Para teroris membabibuta menembak, tanpa bicara, tanpa aba-aba, tanpa pilih-pilih sasaran, siapapun yang bergerak ditembak. "Target mereka membunuh 5.000 orang," kata JK Dutt, komandan pasukan khusus India.

Tidak heran pemerintah India menilai serangan teror ini merupakan bentuk invasi sehingga Perdana Menteri Manmohan Singh yang terkenal lembut bertutur kata, berubah sangar dengan menuduh Pakistan mendalangi itu semua. India merasa seperti Amerika Serikat dalam Serangan Teror 11 September 2001.

Gerilya

Karena memakai metode serangan teror yang berbeda dari sebelumnya, beberapa kalangan menyebut teror Mumbai sebagai bentuk baru serangan teror hasil metamorfosis gerakan-gerakan teror yang telah dihafal benar oleh komunitas intelijen.
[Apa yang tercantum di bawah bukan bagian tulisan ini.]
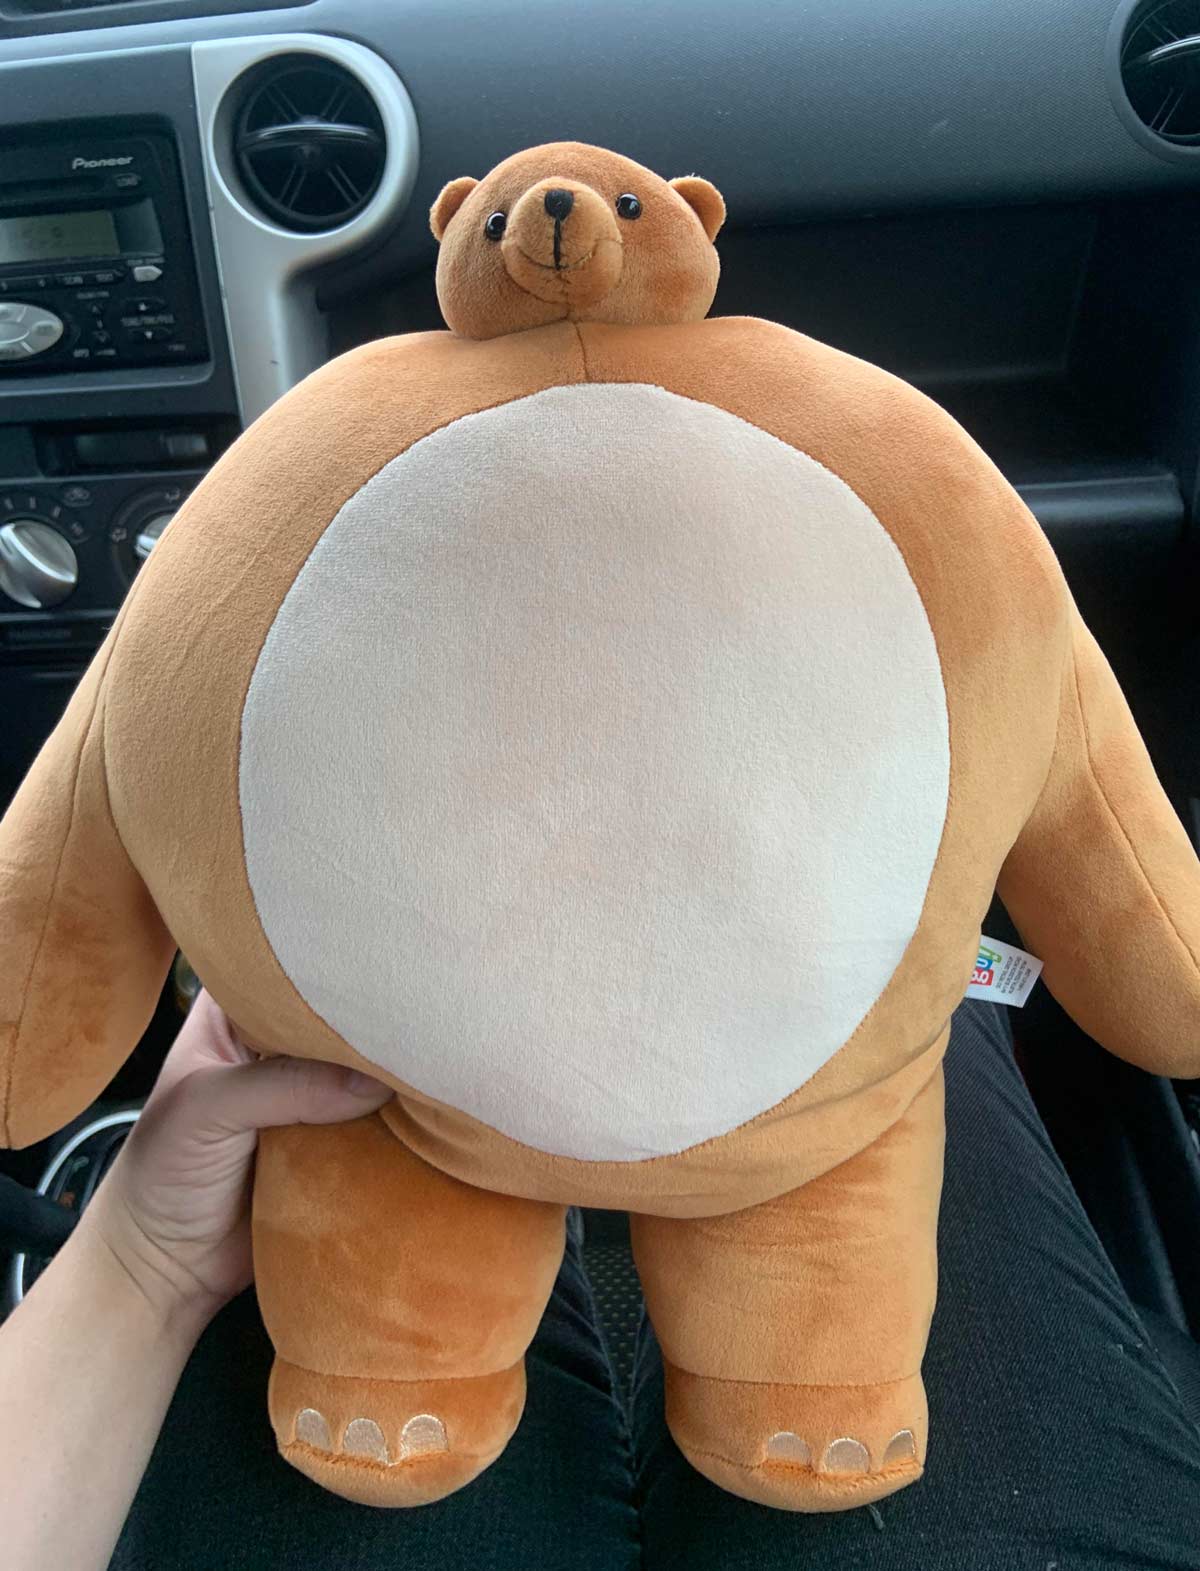 The stuffed bear I got today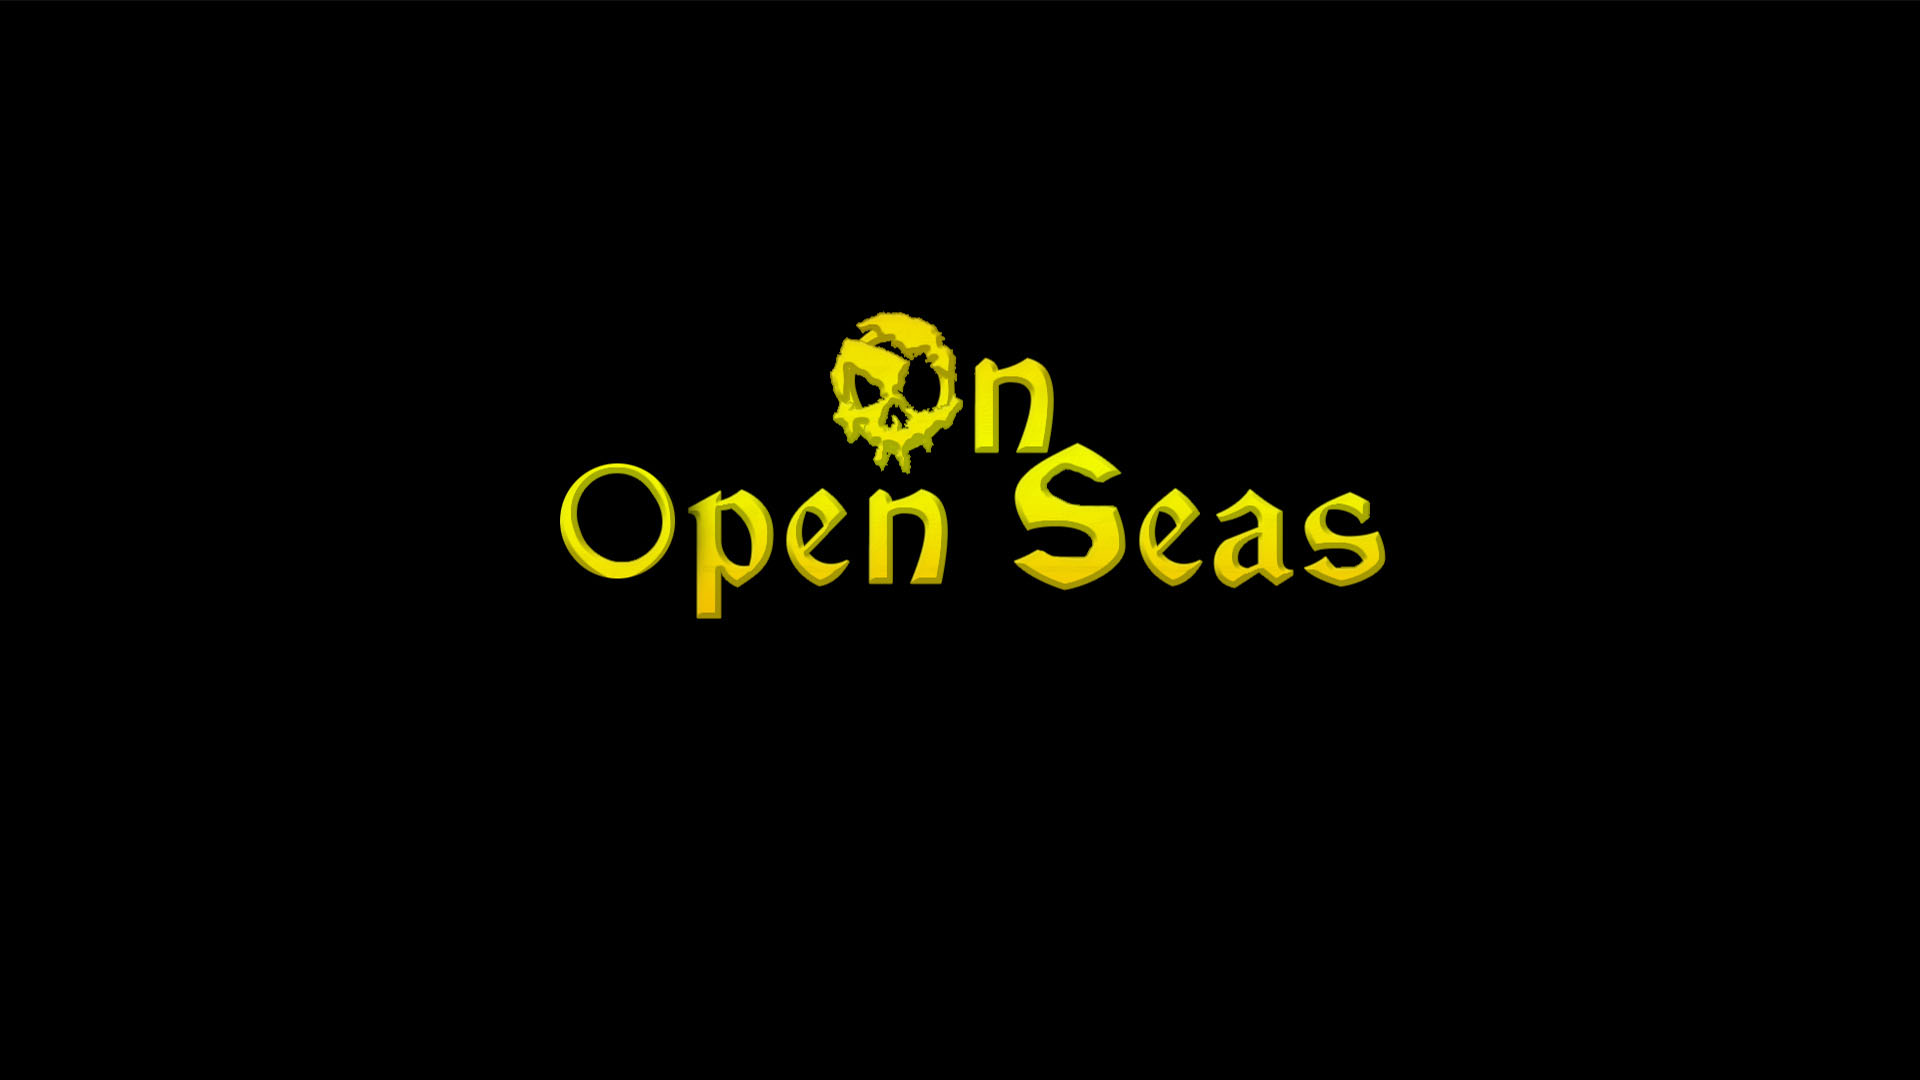 HoD: On open seas screenshot

Editor The Australian, Greg Sheridan, bahkan menyatakan dua tahun terakhir ini dinas-dinas intelijen Asia Tenggara sebenarnya telah mengingatkan bahwa teroris sedang mengubah metode terornya dari pemboman menjadi serangan bersenjata demi mendapatkan efek teror yang maksimal.

Pilihan ini diambil karena serangan bom kerap dipatahkan aparat keamanan sehingga mereka mulai mempertimbangkan menggunakan serangan bersenjata dan bahan peledak seperti dalam perang konvensional.

"Serangan teror ke Mumbai membuktikan pola ini berhasil dalam 24 jam pertama. Meskipun para teroris juga mati, namun pola ini membuat teroris mendapatkan apa yang diinginkannya," kata Greg.

Maksud Greg, teroris berhasil membuat masyarakat ketakutan setelah menyaksikan aksi gila-gilaan mereka di sepuluh titik strategis Kota Mumbai, terutama Hotel Taj Mahal dan Oberoi-Trident yang menjadi simbol kemakmuran dan sukses ekonomi India.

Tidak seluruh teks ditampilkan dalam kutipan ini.